● **Work task**
Starting with the line containing "Diamonds = 0.85 Carats" and going on through the line containing "be resized complimentary", return the lines of the data below exactly, and only those.

● **The data**
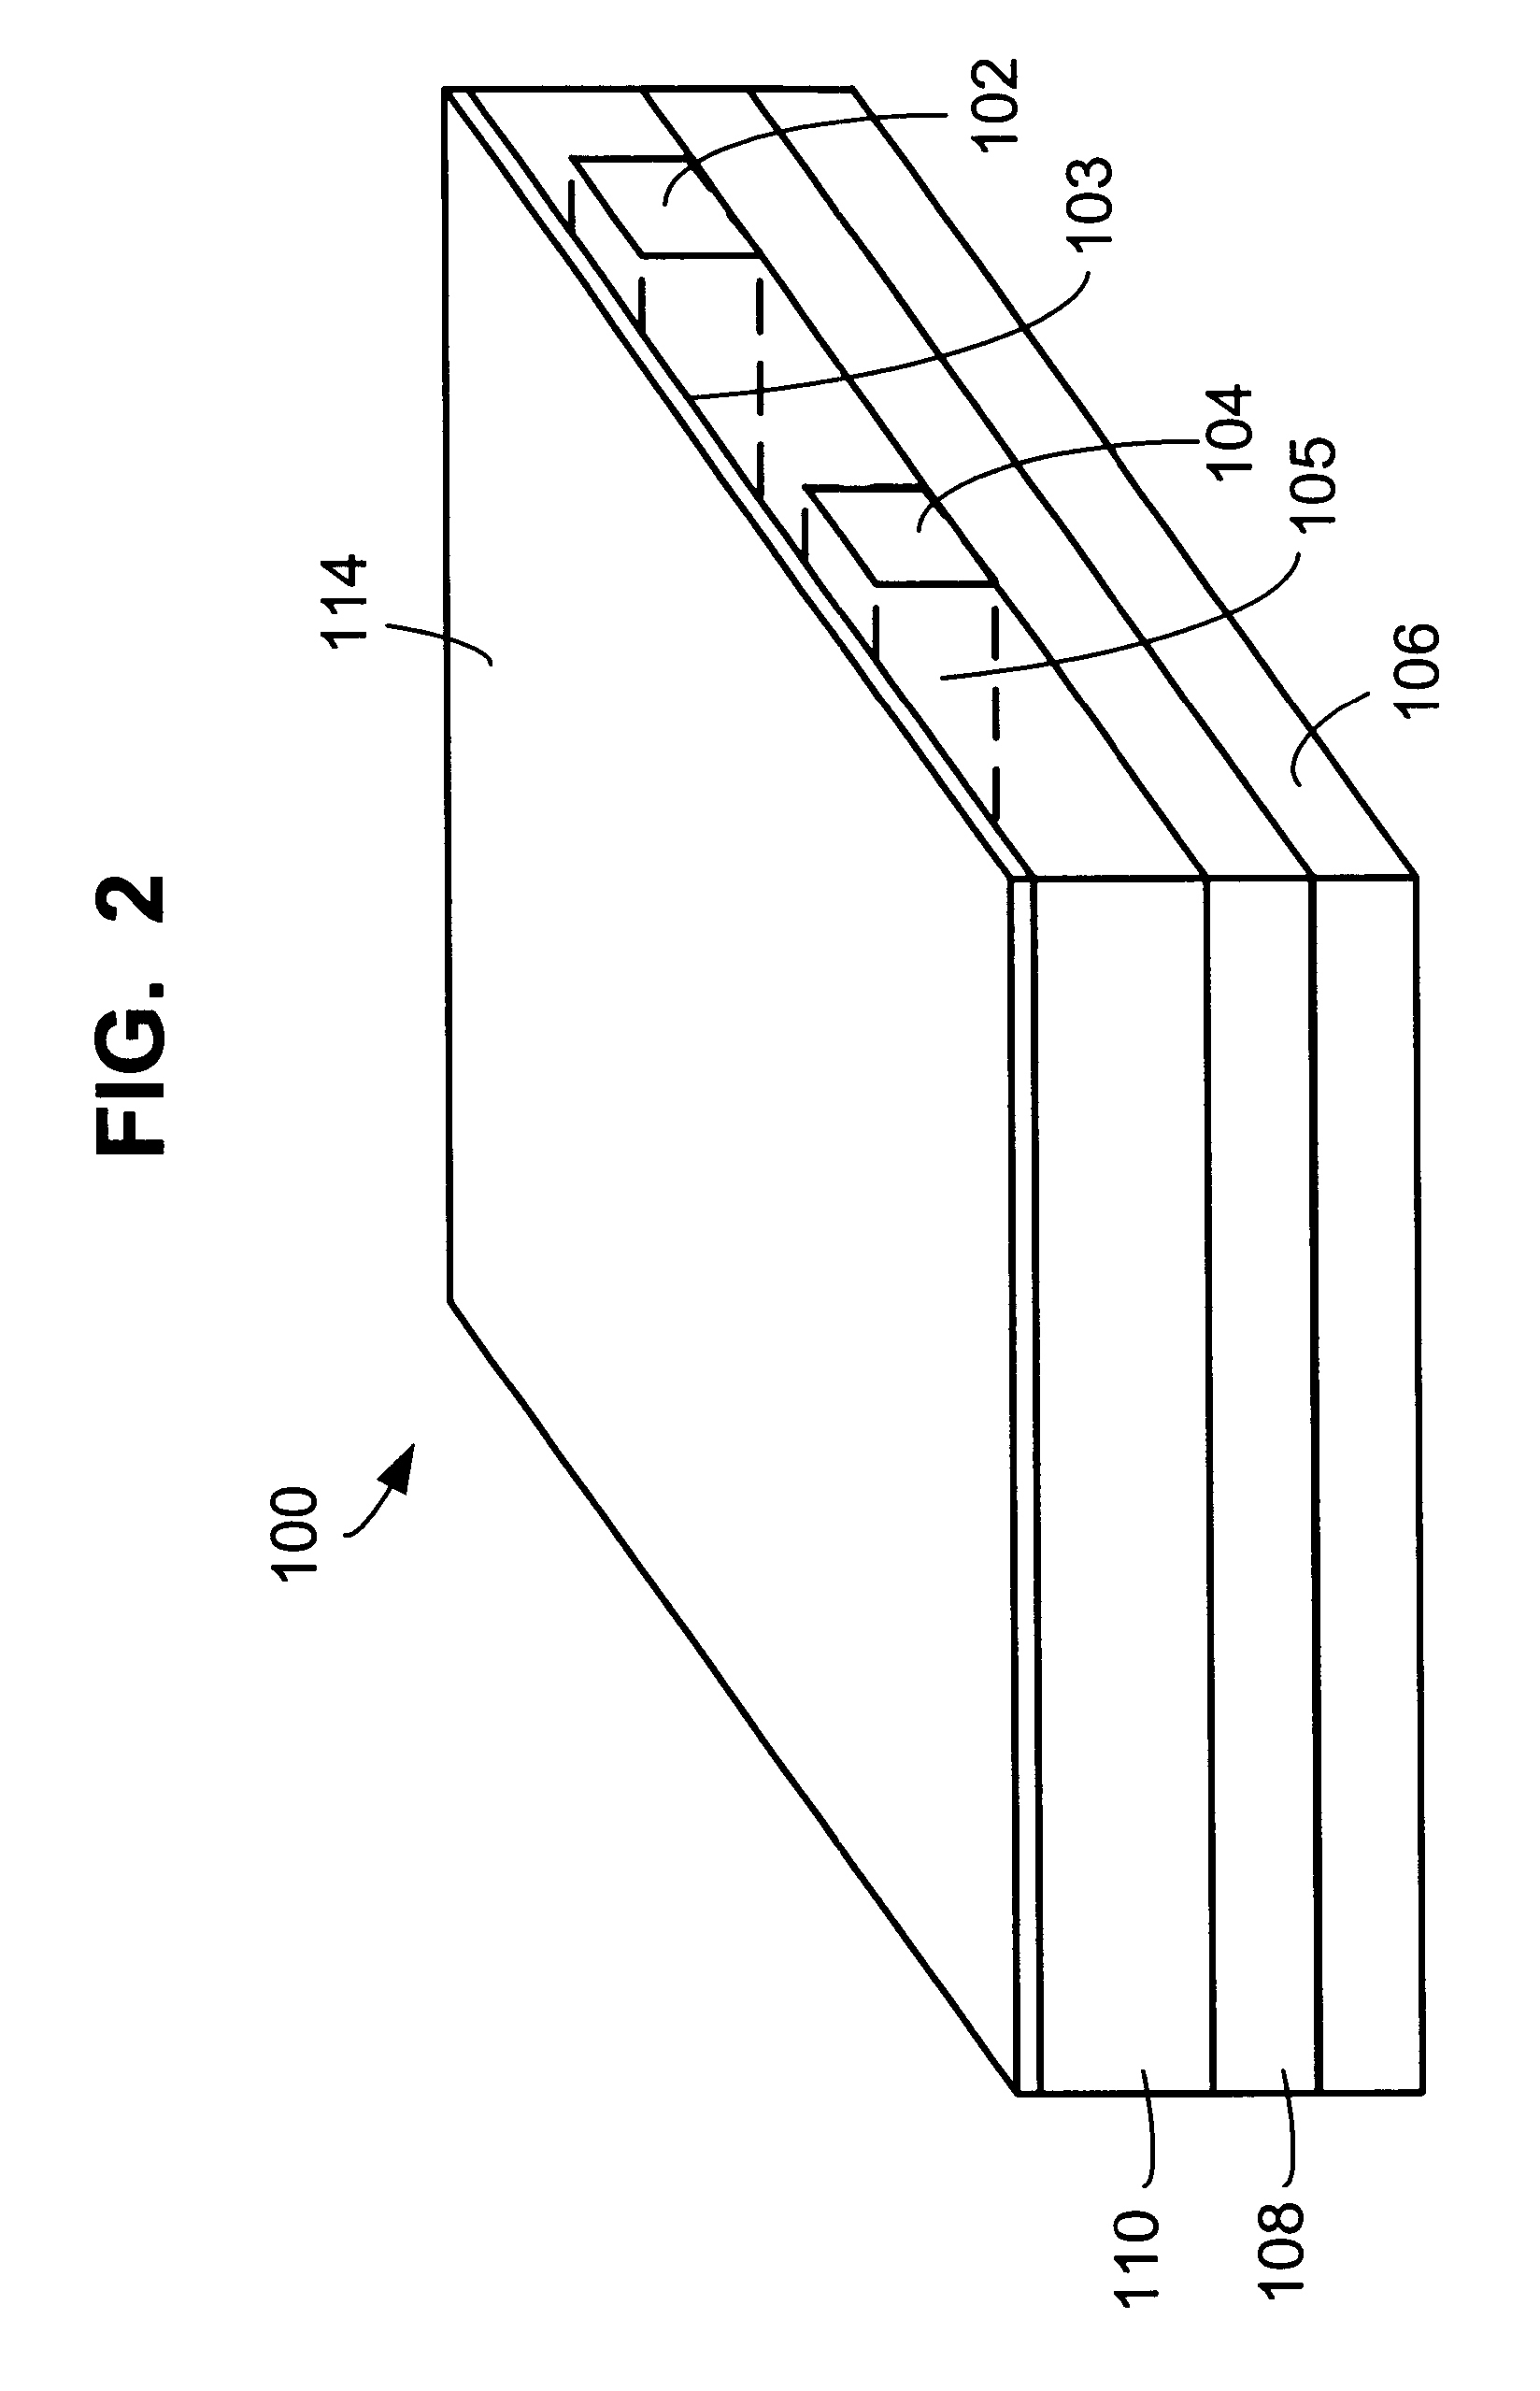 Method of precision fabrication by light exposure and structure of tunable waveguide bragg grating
...
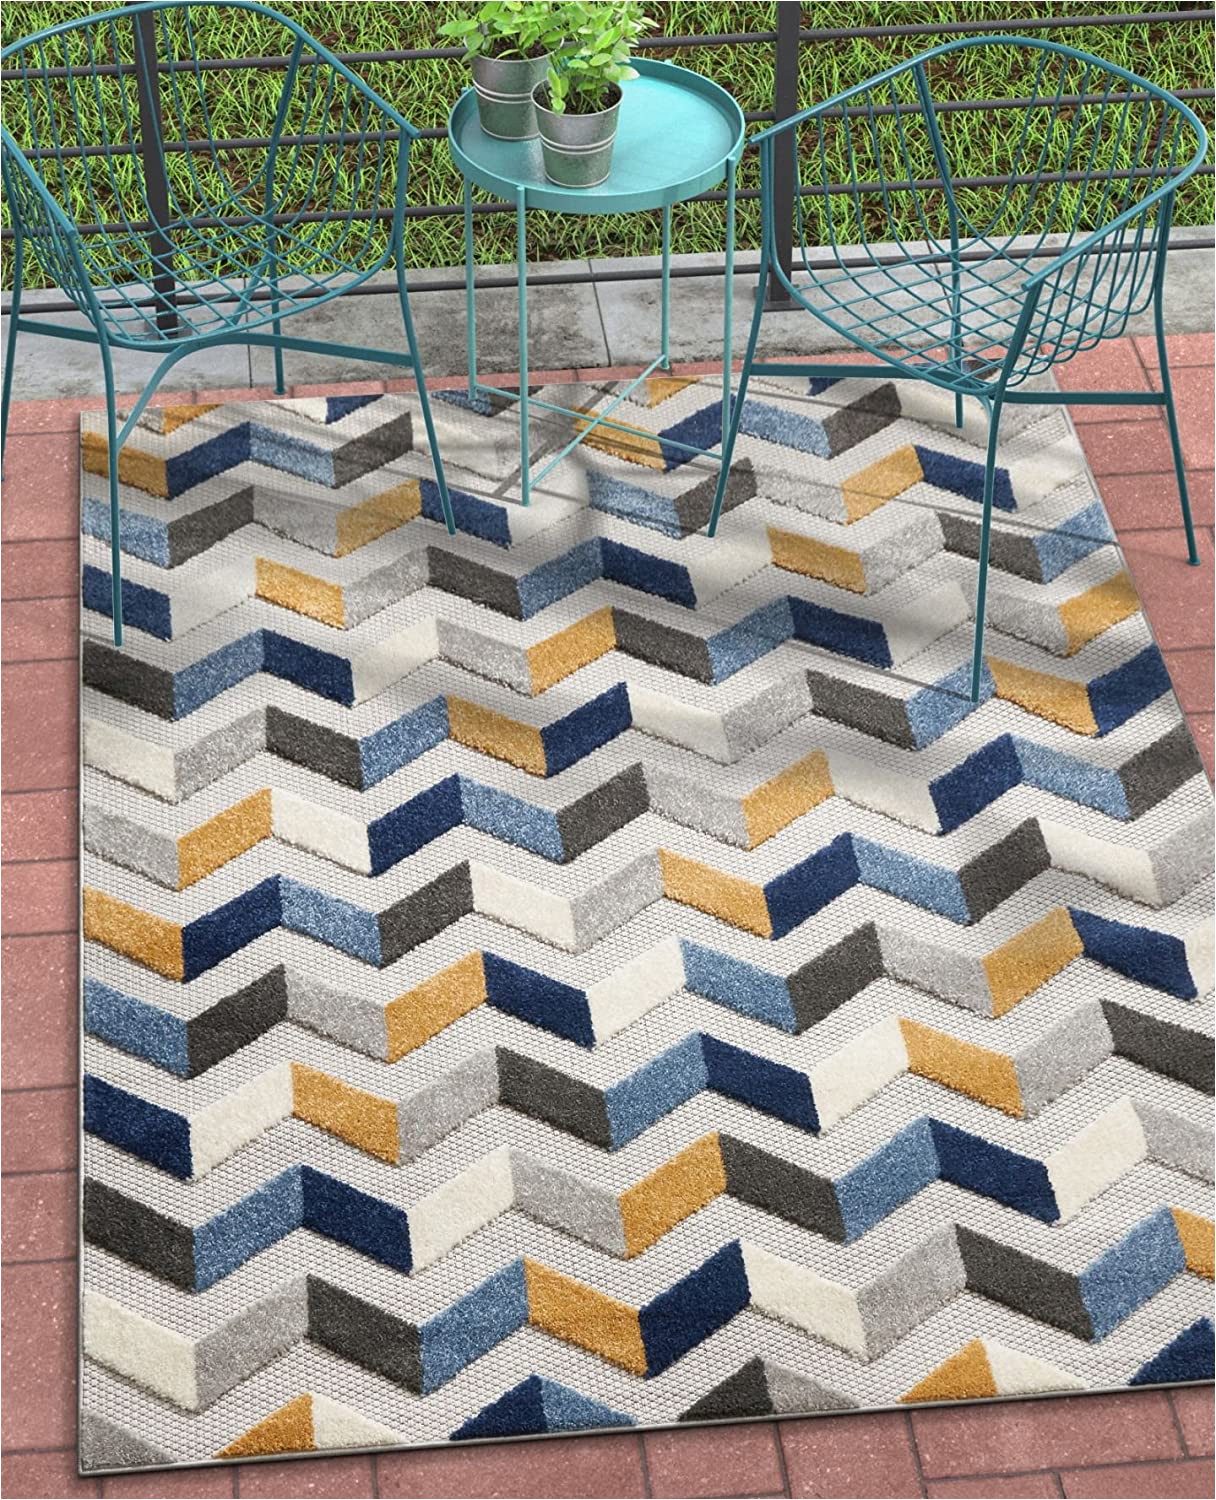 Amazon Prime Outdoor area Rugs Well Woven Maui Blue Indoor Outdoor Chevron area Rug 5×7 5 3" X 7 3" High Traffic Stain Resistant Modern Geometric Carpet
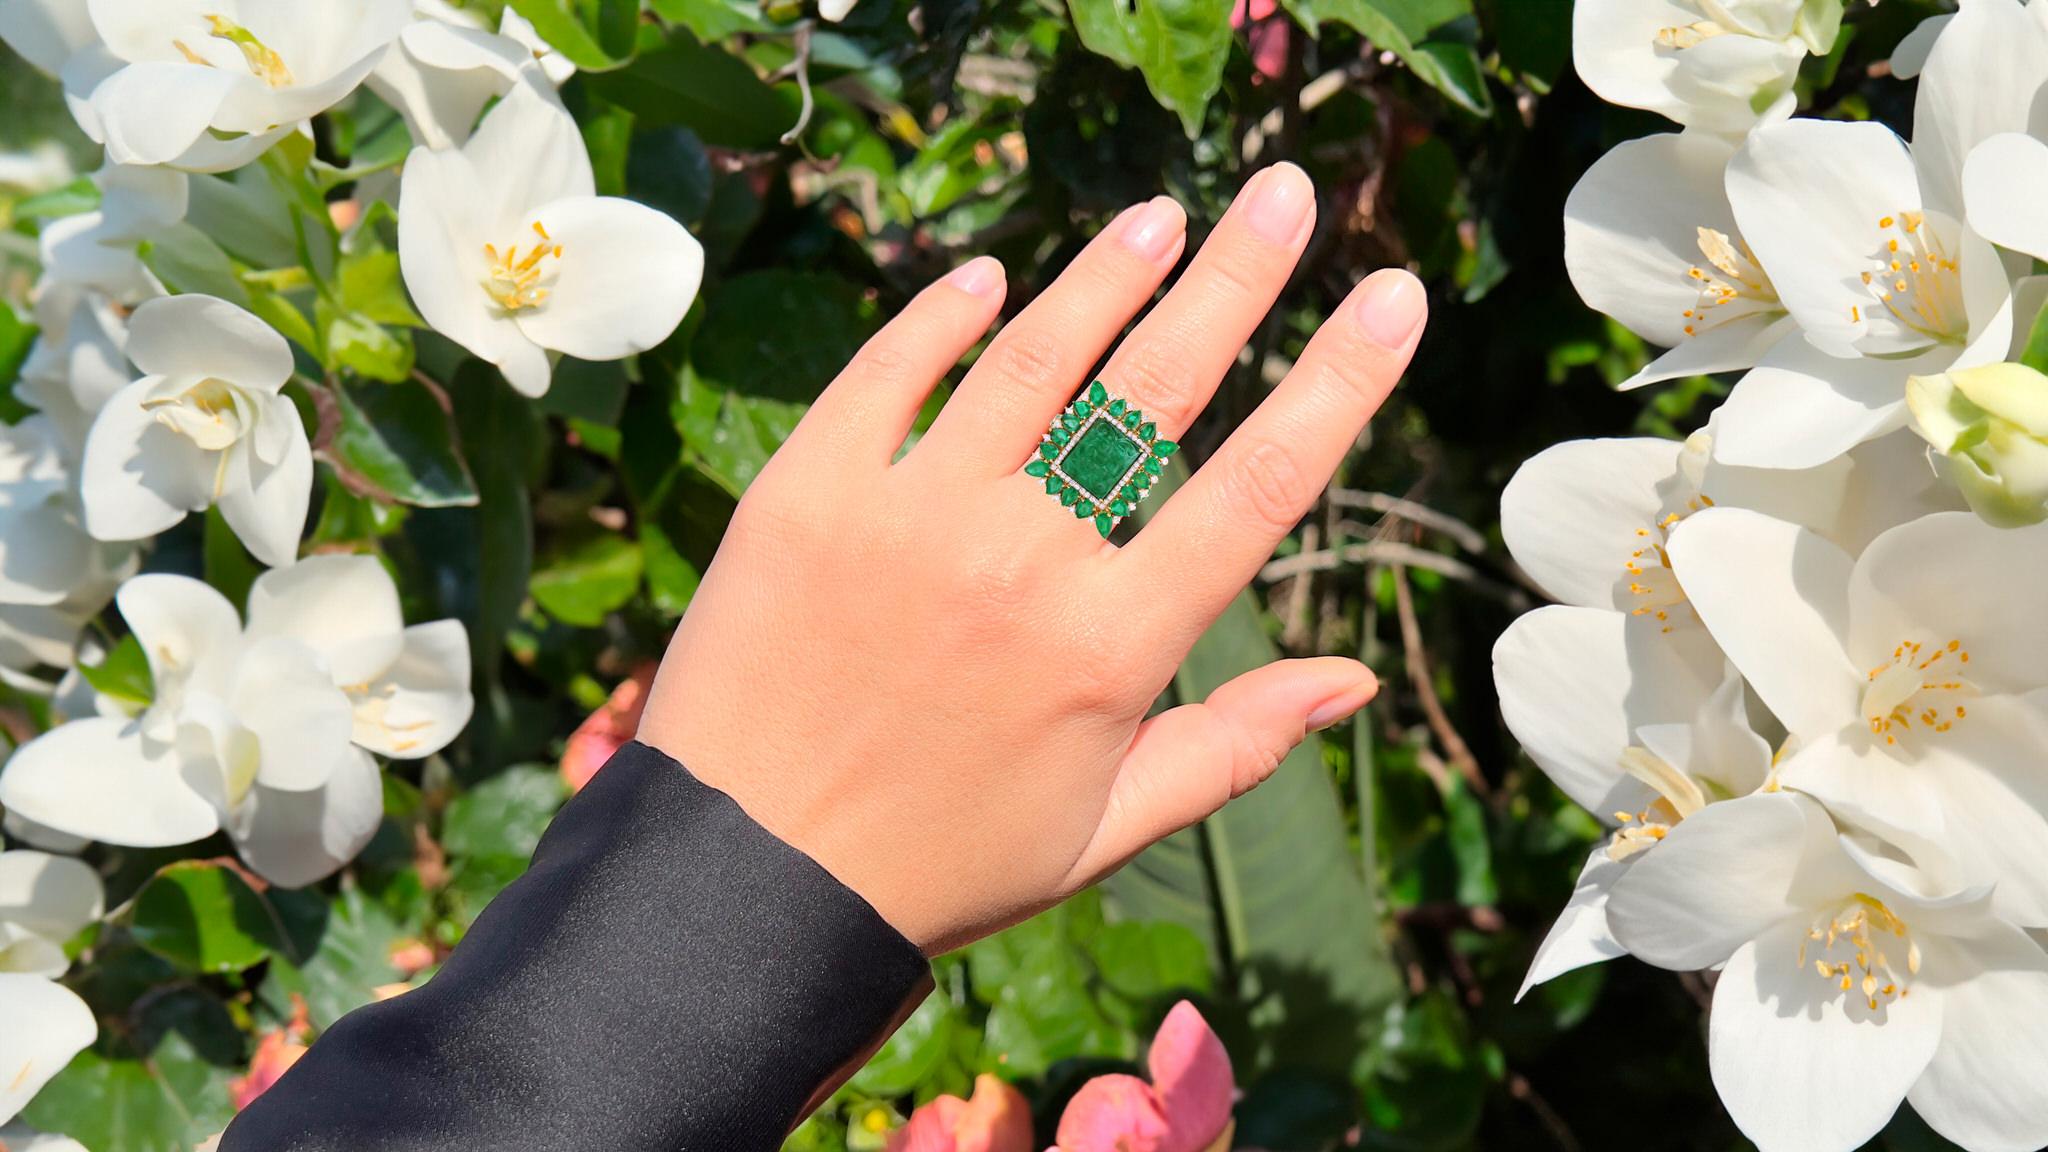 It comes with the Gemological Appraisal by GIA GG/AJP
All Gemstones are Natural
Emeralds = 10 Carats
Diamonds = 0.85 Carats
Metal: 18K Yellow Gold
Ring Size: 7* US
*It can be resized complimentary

● **Reply to the exercise**
Diamonds = 0.85 Carats
Metal: 18K Yellow Gold
Ring Size: 7* US
*It can be resized complimentary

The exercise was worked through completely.